Basque Fact of the Week: Txalaparta

One of the primary ways in which Basques express their culture is through music, and a revival of folk instruments has been, pardon the pun, instrumental in developing a unique sound. Possibly one of the most unique and thus identifiable instruments is the txalaparta. In its simplest form, the txalaparta is simply a set of wooden planks (maybe only one) that are supported by either baskets, chairs, or boxes and are pounded with wooden mallets. Percussive music is made by where the plank is hit, with different notes resonating depending on location. Typically, the txalaparta is played by two players.

Image from Youtube (you can hear these guys play here.)
  • Other variants of the txalaparta include the toberak, kirikoketa, ttinbilin-ttanbalan and ote-jotzea. These often arise from work. The kirikoketa, for example, is played at the fiesta celebrating the making of the cider, using the hammers and mallets used to smash the apples to hit the boards. Similarly, the ttinbilin-ttanbalan celebrates the placing of the center beam in a new house, using the chisels and hammers to make the music.
  • The txalaparta itself is related to cider making. In many cider houses around Donostia, when they were done making the cider, they would place the txalaparta outside and begin playing it. They often used the boards used to press the apples. This alerted the surrounding villages to the party. The villagers would come, where they would be “jumping, shouting, drinking cider, and playing and listening to the txalaparta until dawn” (Ramón Goikoetxea).
  • The toberak replace the wooden mallets and planks with metal rods and bars. These may have started, again, as a work task, taking the pipes from the forge and hitting them with hammers to knock soot loose, cleaning them. In modern txalaparta playing, in addition to metal and wood, glass and stone are sometimes used, all in combination.
  • There are typically two players, called ttakuna, tukutuna or bia (the two) and herrena (lame), urguna (lame), pikatzailea or bata (the one). They have different roles. One is responsible for creating the rhythm and the other dismantles that order, creating tension. They constantly speed up until it isn’t possible to maintain the tension any longer. While the rules for playing the txalaparta are strict, they also allow the players, through phrasing and rhythmic combinations, tone, intensity and tempo changes, to play with great freedom to develop their creativity and to improvise.

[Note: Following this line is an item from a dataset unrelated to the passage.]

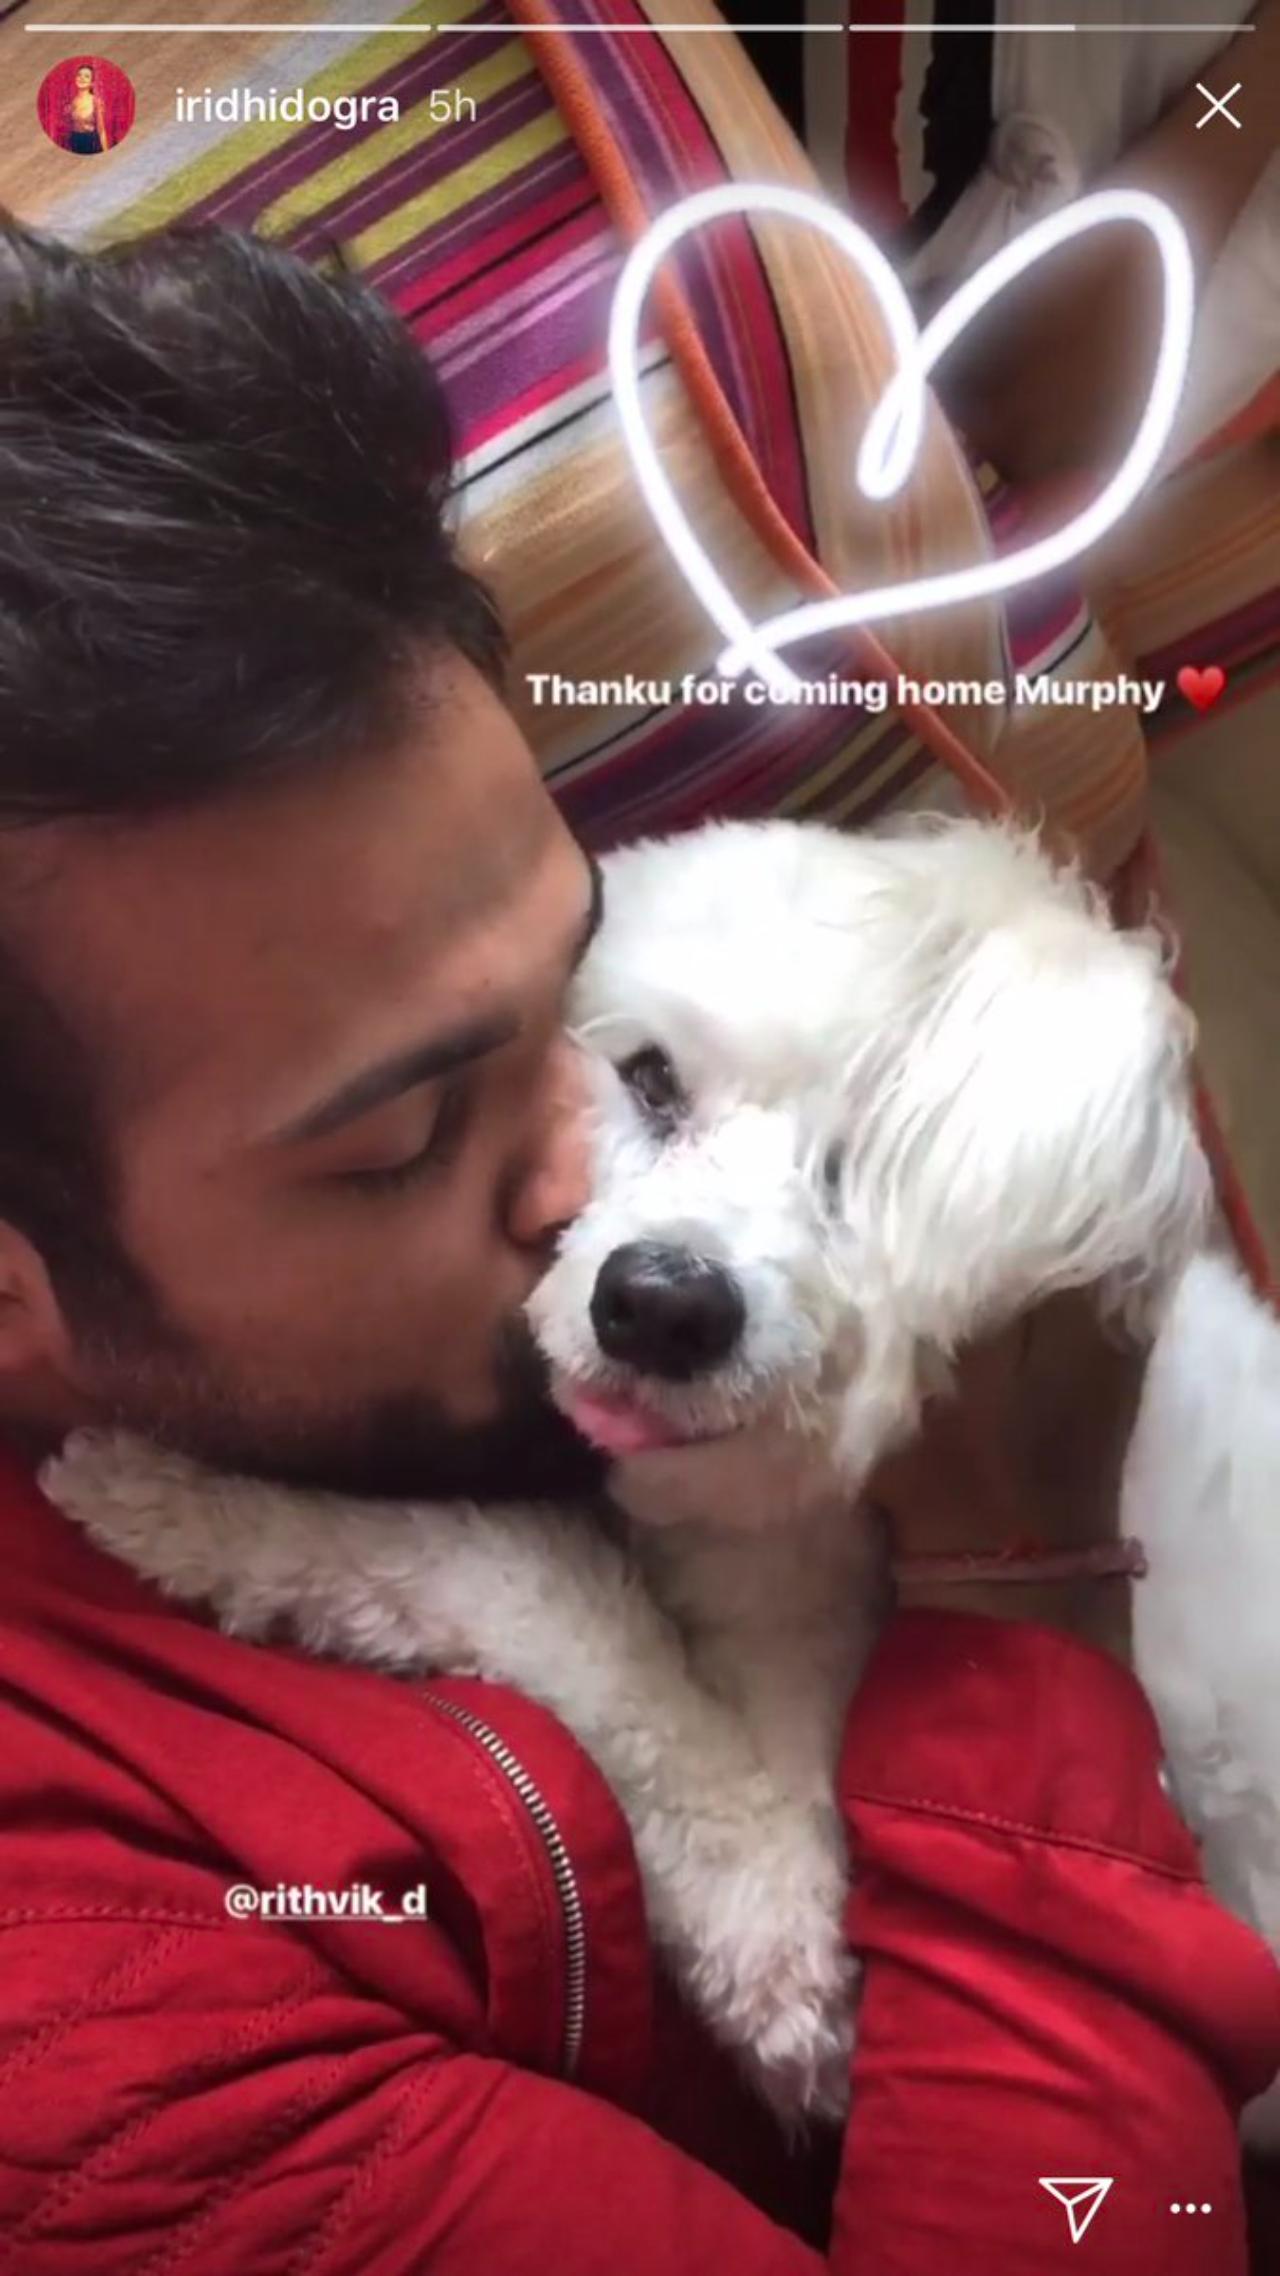 Both Murphey and Eve hold a significant place in his heart, and he adores them immensely. Rithvik's pets are an integral and cherished part of his life, and he finds immense joy in their company
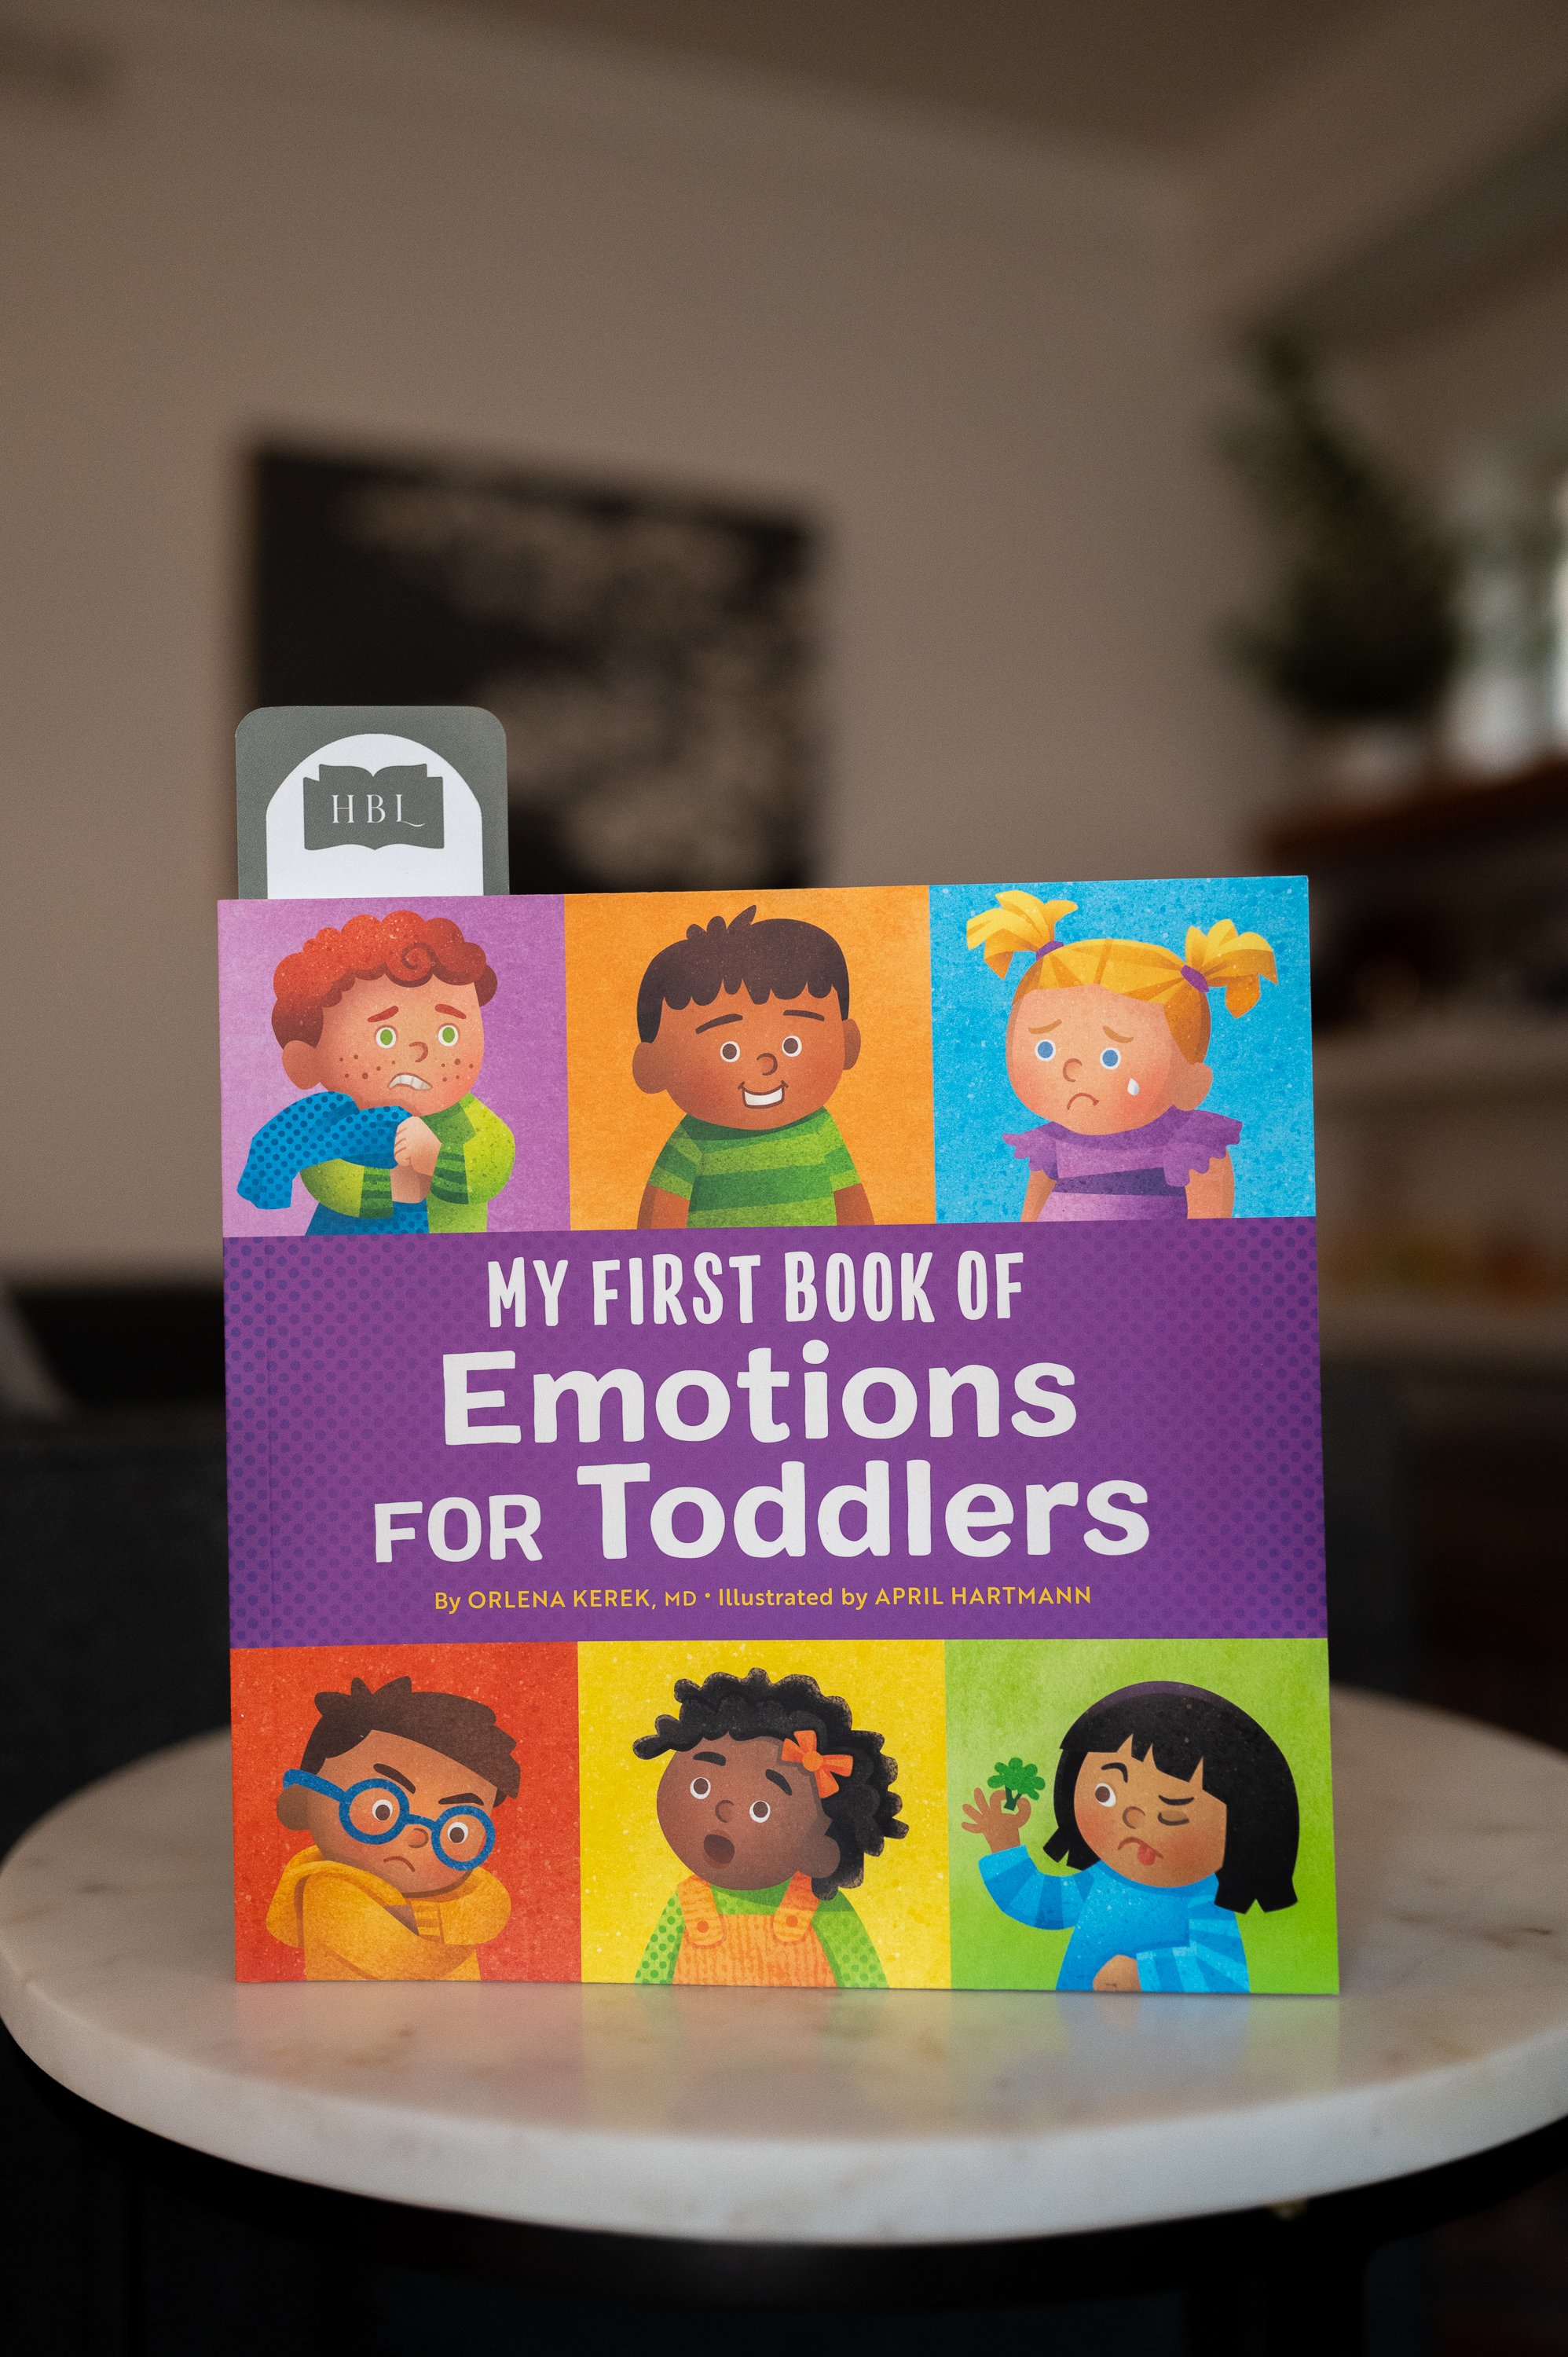 My First Book of Emotions for Toddlers by Orlena Kerek.jpg

Primary source: Beltrán Argiñena, Juan Mari. Txalaparta. Enciclopedia Auñamendi, 2019. Available at:

6 thoughts on “Basque Fact of the Week: Txalaparta”

  1. I love being Basque!
    Thank you for this incredible information and the experience of hearing them play.
    Amazing. ??

  2. I love being Basque!
    Thank you for this incredible information and the experience of hearing them play.
    Amazing. ??

  3. What makes the txalaparta very different is the way it is hit. Almost all the world’s percussion instruments are hit by the stick in the way one uses a hammer, but for the txalaparta the stick is dropped vertically onto the wood.